I did add another Centercode bug, and updated another bug for zigbee devices dropping again.

Beta 24.5 has not gone well in my opinion, and I agree this needs some serious attention right now.

1 Like

Just wanted to acknowledge we’ve seen this post and are investigating a few device health related issues. One of them that started late last night and is related to device control and reporting. This issue is mentioned on our public status page and is actively being worked on.

We’re also looking into the issue where devices are offline but controllable and reporting. At this time it doesn’t appear to be related to the beta firmware and our Device Health team is actively looking into it.

We’ve been looking into the other issues that have been reported and debugging them one by one. Thank you for the reports and assistance in tracking down issues.

4 Likes

Thanks for the update!

Any info is appreciated!

@tpmanley
Is it possible that these issues are affecting zwave direct association?

I have 3 linear aux in wall dimmers that are master, that I use in 3 different places for 3 way lights.

The behavior is almost like the CPU in the master and slave are at 100% and commands and delayed and queued up.

I can click several times let’s say on and off, there might be a delay, and then can see by the status led on the switch that it then slowly sends that many commands to the slave switch.

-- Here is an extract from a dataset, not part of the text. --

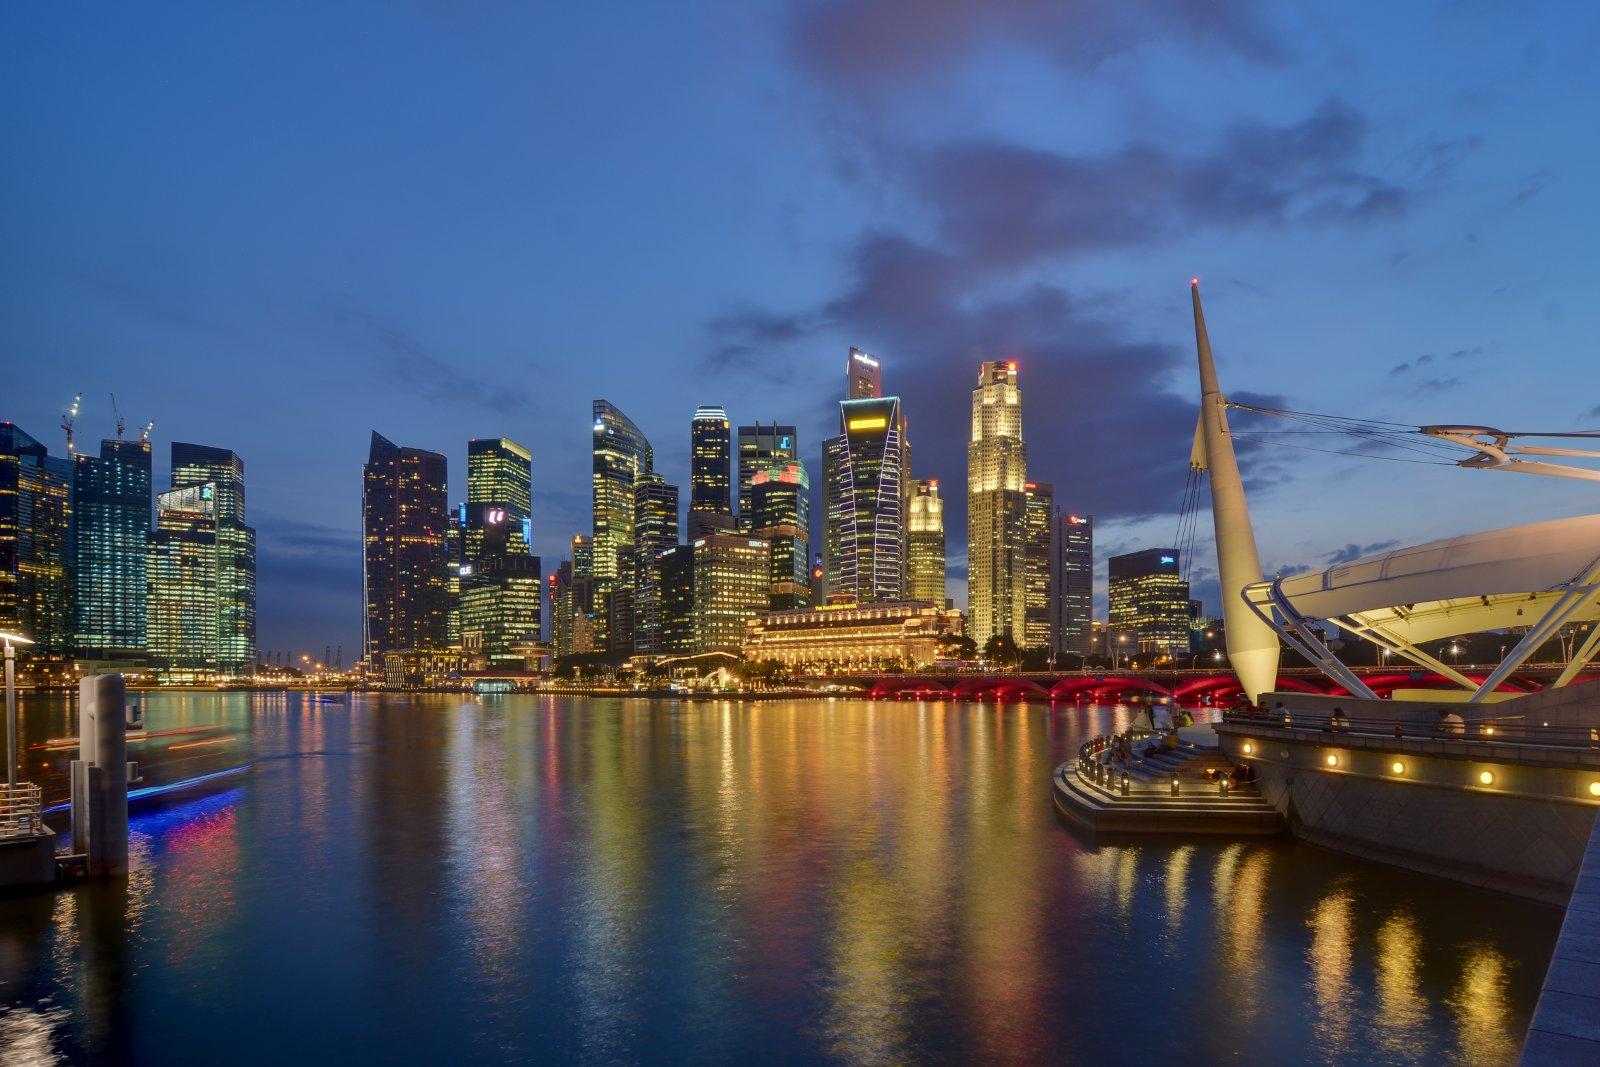 Singapore_CBD_skyline_from_Esplanade_at_dusk

I used to be able to use the master switch to dim the slave lights. Now the response is so slow I can only turn the slave on and off, because holding the master to dim up or down is delayed then sets the slave to either full on or most dim.

So again on the master side, I can click on the paddle, but if I click more than once it seems to queue up the commands which I can see later going out by the flash of the status led.

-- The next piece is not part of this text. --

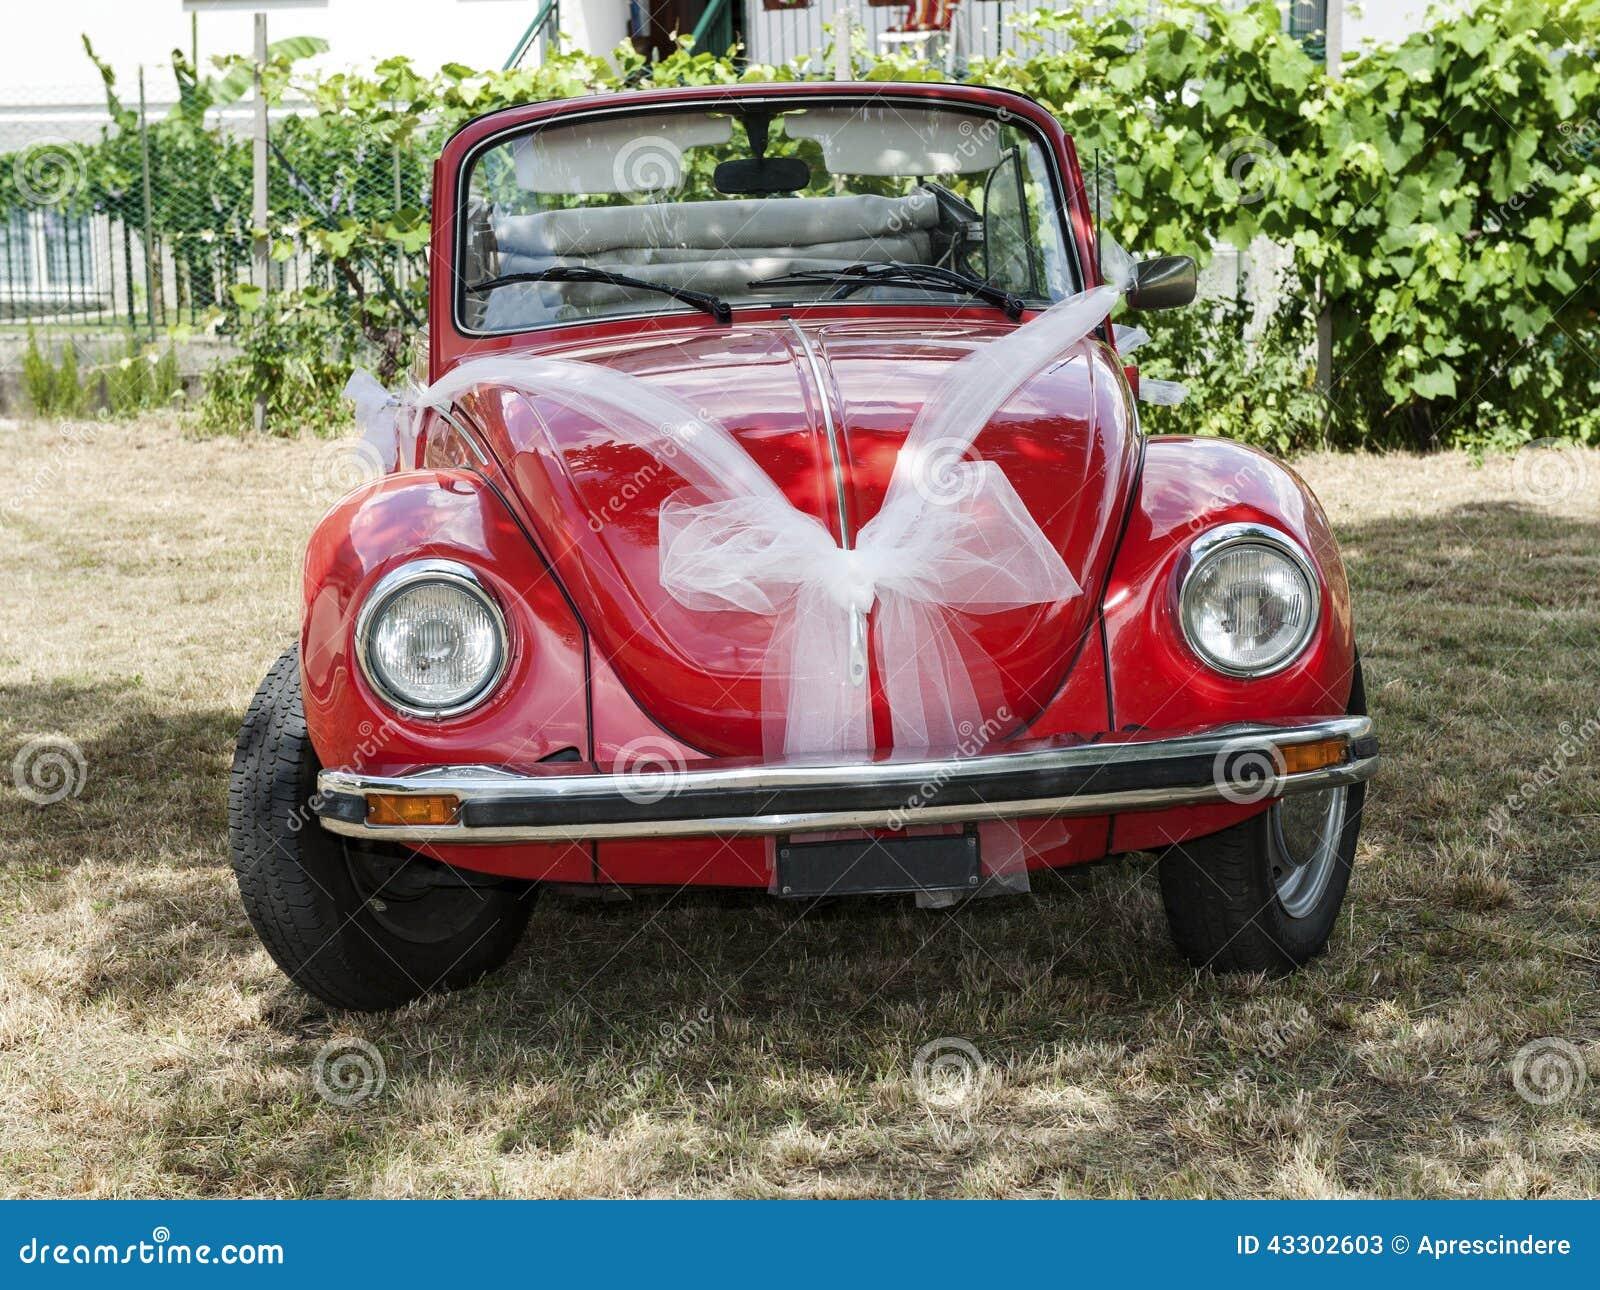 voiture rouge de mariage image stock image du luxe vacances 43302603. Black Bedroom Furniture Sets. Home Design Ideas

Okay, I just remembered a setting that might cause something like this.

But how did all three get their settings corrupted?

I just remembered that these switches have association groups, it sends to association group 1, then waits some amount of time, and then sends to association group 2, etc.

My direct zwave association issue might be fixed. I used zwave tweaker.

Each of the 3 master switches had extra devices listed as slaves.

All the extra devices’ IDs just happened to match “ghost” devices that appeared this week that I had to request support to remove.

Each master only ever controlled 1 and only 1 slave. So it is unclear why multiple devices where listed for each target association group in each switch.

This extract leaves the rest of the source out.